In the garden on a bright morning, with sunshine lancing the cherry blossom, my eye is drawn to the fat glitter of a queen bumblebee gathering nectar in the golden bowl of a tree peony flower. A black, almost velvety, body and rich orange-tipped rump indicate that this is a red-tailed bumblebee (Bombus lapidarius). Her wings shine as if newly waxed, while her tongue briskly probes a tassel of stamens. After a few seconds she’s off to check the next bloom – then airborne again, zooming over the wall.
Lockdown has replaced the background hum of distant traffic with the low, blundering drone of bumblebees. It began in March when buff-tailed queens emerged from hibernation, zigzagging across the lawn. Buff-tails are easily recognised by their size – the queens can be more than 2cm long – and their markings, two well-separated yellow bands and a brown-tinged tail-tip. Because they nest in holes in the ground, they are also called earth bumblebees (Bombus terrestris). The name is like an anchor, tethering a creature of sunlight, pollen and warmth to the chthonic darkness underground.

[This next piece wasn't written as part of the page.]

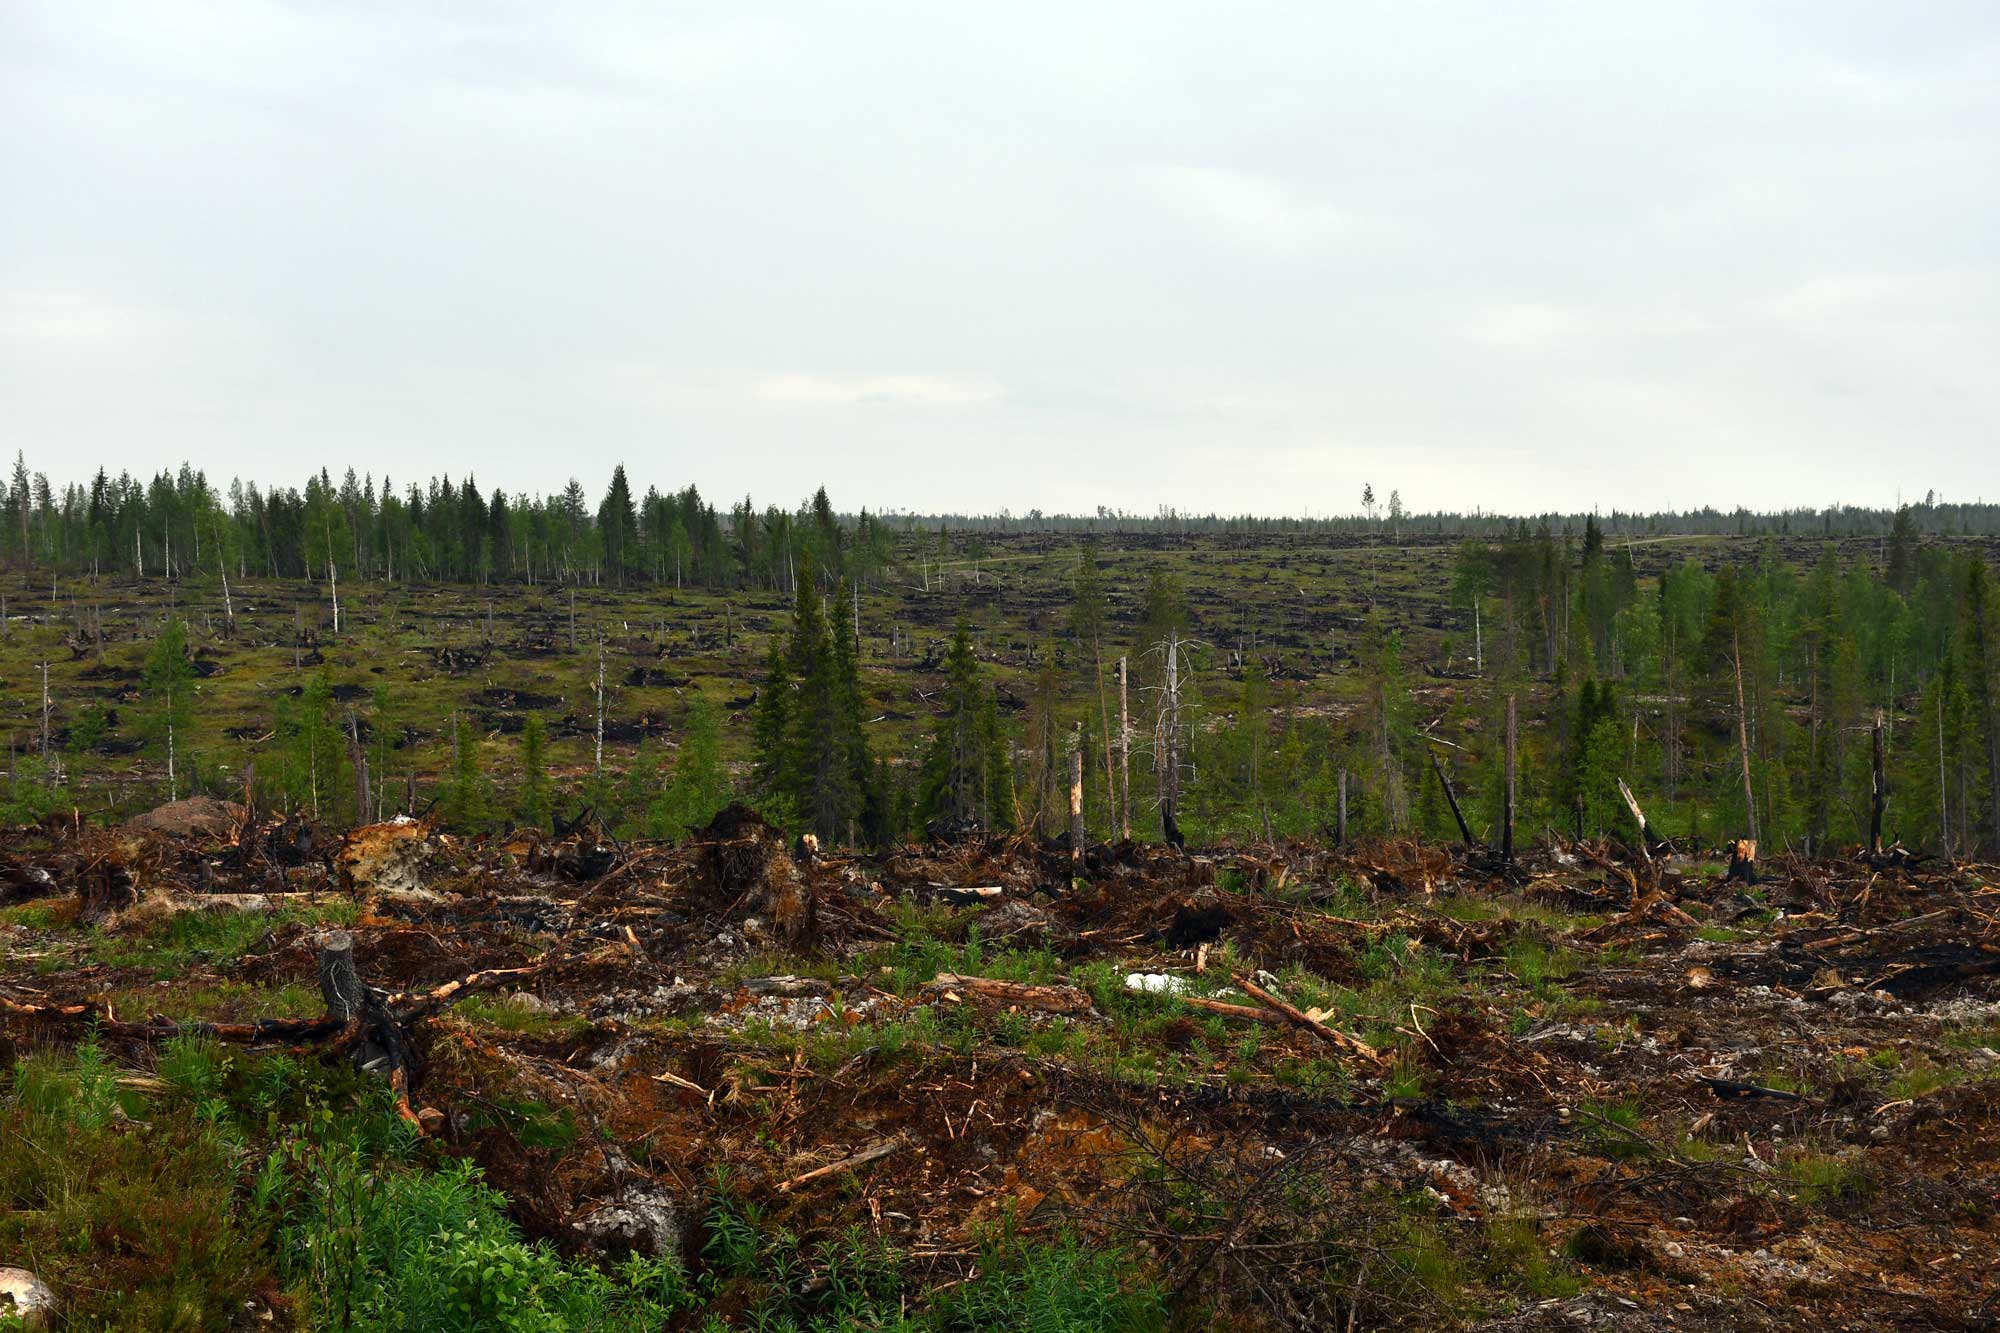 Paula-myrskyn tuhoalueita mäen päältä kesällä kuvattuna. Täysin puuttomaksi menneitä kymmenien hehtaarien alueita, joilta puut korjattu pois. Välissä pieniä pystyyn jääneitä puita.

In city gardens in the warmest parts of Britain, buff-tails can be active all winter. But in this rural frost pocket, those early days after hibernation are perilous. One cold morning I found a queen crashed in the vegetable patch, chilled and stiff. She barely had the energy to raise a leg in warning. I carefully picked her up – she weighed nothing and it was like holding an empty, slightly prickly seed husk. I put her on a clean tea towel and dabbed a small droplet of sugar syrup nearby. Her antennae waved, her mouthparts gaped and she flipped forward a slim proboscis from under her head. Its outer sheath opened slightly and a long, gingery tongue appeared, which she plunged into the syrup.
Bumblebee tongues have hairy ends, good for soaking up nectar. Buff-tails’ tongues measure 5.8mm on average, which is relatively shorter, so they prefer shallow, flat flowers. Garden bumblebees (B hortorum) have tongues twice as long, enabling them to reach into the depths of narrow, tubular blossoms, such as lavender.
As my cold queen sucked the sugar she began to vibrate like a helicopter powering up. When she finished, I took her outside and she flew away.